CIFDOM has been around in one form or another since 2002 (I think??) and can be used to losslessly parse a CIF file into an XML document. So an excerpt from a CIF file might look like:
loop_ _symmetry_equiv_pos_as_xyz 'x, y, z' '-x, y+1/2, -z+1/2' '-x, -y, -z' 'x, -y-1/2, z-1/2' _cell_length_a 6.6686(10) _cell_length_b 13.648(3) _cell_length_c 13.321(3) _cell_angle_alpha 90 _cell_angle_beta 95.794(18) _cell_angle_gamma 90 _cell_formula_units_Z 4 _symmetry_space_group_name_H-M 'P 21/c'
When this is parsed using CIFDOM it would look like:
<loop names="_symmetry_equiv_pos_as_xyz"> <row> <cell>x, y, z</cell> </row> <row> <cell>-x, y+1/2, -z+1/2</cell> </row> <row> <cell>-x, -y, -z</cell> </row> <row> <cell>x, -y-1/2, z-1/2</cell> </row> </loop> <item name="_cell_length_a">6.6686(10)</item> <item name="_cell_length_b">13.648(3)</item> <item name="_cell_length_c">13.321(3)</item> <item name="_cell_angle_alpha">90</item> <item name="_cell_angle_beta">95.794(18)</item> <item name="_cell_angle_gamma">90</item> <item name="_cell_formula_units_Z">4</item> <item name="_symmetry_space_group_name_H-M">P 21/c</item>
Anyone who has tried extracting information from the CIF format knows how nasty it can be to associate a data value to a name when 'loops' and the various kinds of delimiters are involved. Thankfully, this has all been taken care of by CIFDOM, and extracting information from the XML representation is far easier as you can use XPath expressions to find the desired data elements. Note that parsing a CIF document using CIFDOM is just a few lines of code.
CIF to Other Formats
As mentioned above, a CIF file may contain data on more than one structure. We don't want the extra complexity of having to deal with an unknown number of structures per CIF file so the first thing we do is:
- take the CIF with n structures and convert it into a CIFDOM,
- split the CIFDOM up into n CIFDOMs with 1 structure,
- write out each CIFDOM as a new CIF file.
Once we have one structure per file, the processing of the crystallographic data begins.
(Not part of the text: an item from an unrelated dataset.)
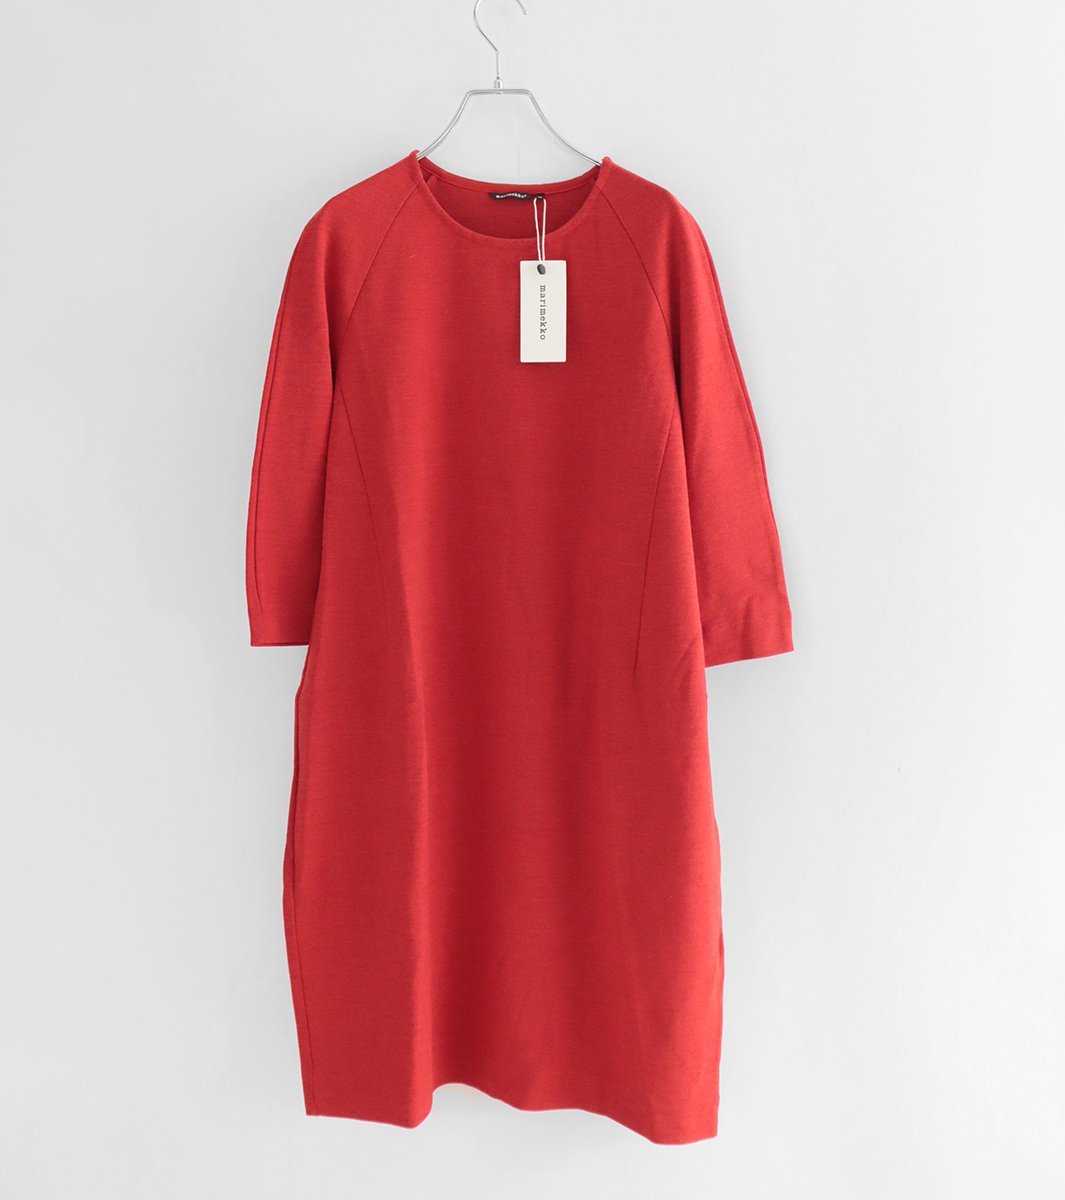 未使用* marimekko ◆ ウールジャージ ニット ワンピース 赤 レッド XS ドレス 下げ札付き マリメッコ ◆MK13

The steps taken are as follows:
- submit the CIF to the IUCr CheckCIF service - for which I have written a Java wrapper to use it as a kind of 'Web Service'. Write the retrieved CheckCIF HTML to the file system.
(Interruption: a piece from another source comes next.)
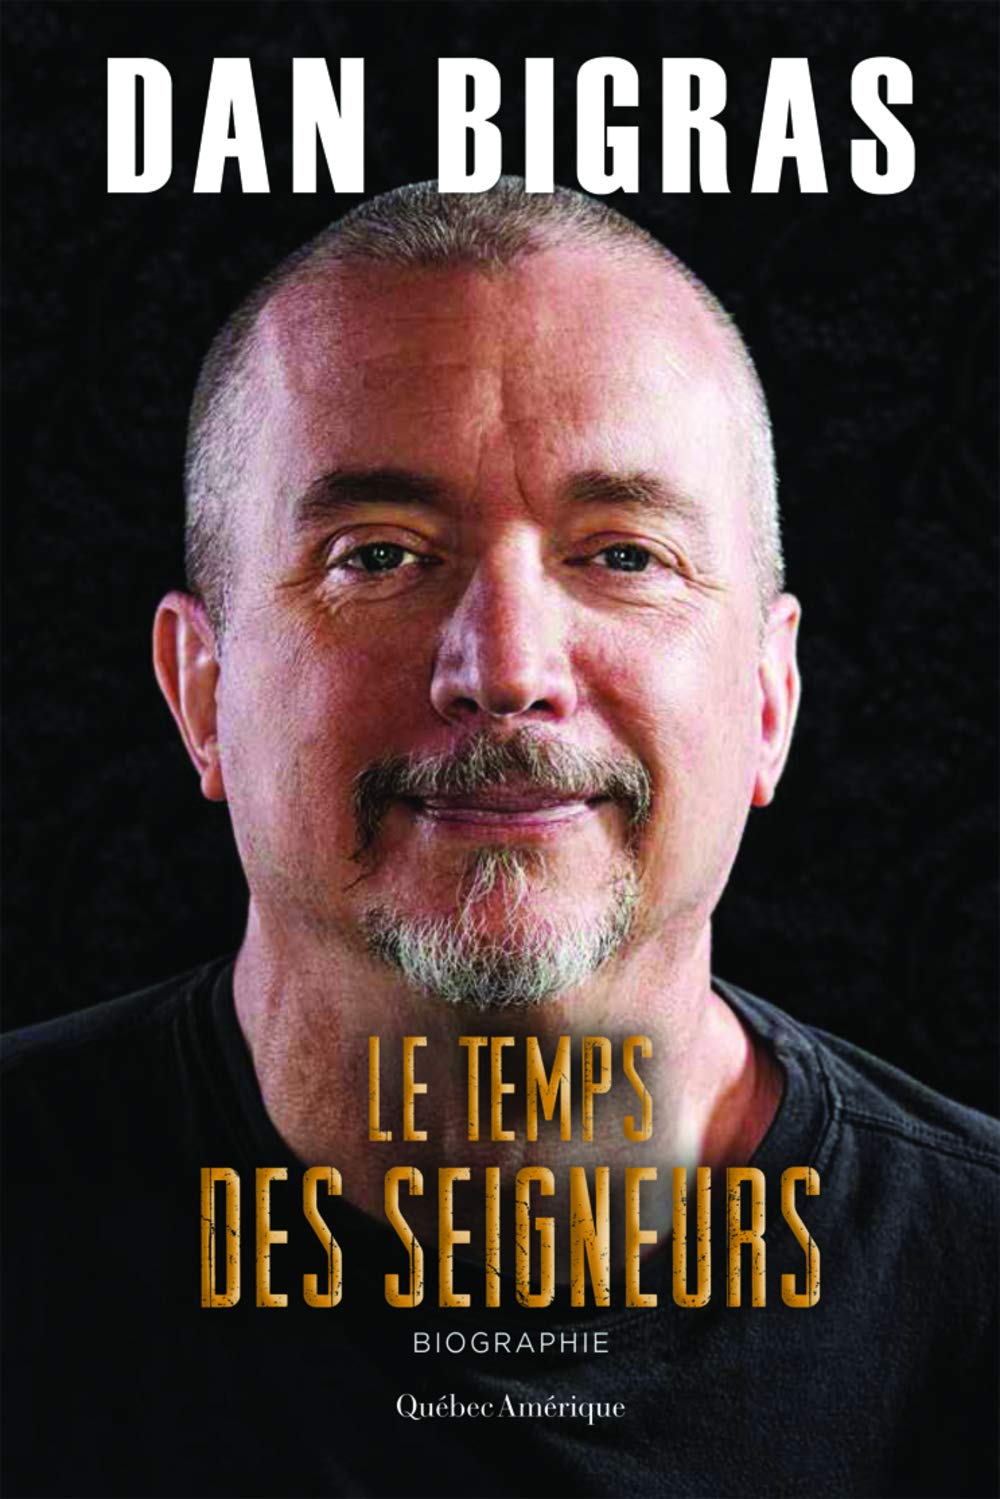 Livre ISBN 2764434669 Le temps des seigneurs (Dan Bigras)

- convert the CheckCIF HTML to CheckCIF XML using CheckCIFParser (not yet publicly available).
- from the CheckCIF XML, extract the link to the ORTEP ellipsoid image for the crystal structure. Fetch the file from the web and save to the file system (we do this as the ORTEP plot is only available for a short time after submitting your CIF to CheckCIF).
- convert the CIF into a CIFDOM.
- losslessly convert the data in the CIFDOM into CML (we will call this the 'complete CML') using JUMBO (quite an involved process - discussed further below).
- merge the CheckCIF XML into the complete CML. Write to the file system.
- extract the CML data for each moiety from the complete CML. Write each out to the file system.
- from the moiety CML, get the CML for fragments corresponding to:
- metal centres
- metal clusters
- ring-ring and ring-terminal linkers
- and write them to the file system. Note that we also 'sprout' each generated fragment twice. That is, we also generate and store the CML for fragments for the next two ligand shells out from the original one found.
It is worth noting that in the above steps, whenever we create a CML file, we always generate the corresponding InChI (using the jni-inchi wrapper) and SMILES (using the CDK) and merge this information into the CML in <identifier> elements. The original article DOI is also always added to generated CML. We also always generate a 2D structure diagram as a PNG (using Renderer2D in the CDK).
The CIF2CML Process
As already mentioned, the CIF2CML process is lossless. In fact, the data remains unchanged in going from CIF->CIFDOM->CML (though we do add to it); it is just the markup that changes. Below is the CML representation of the example data from earlier in CIF and CIFDOM form.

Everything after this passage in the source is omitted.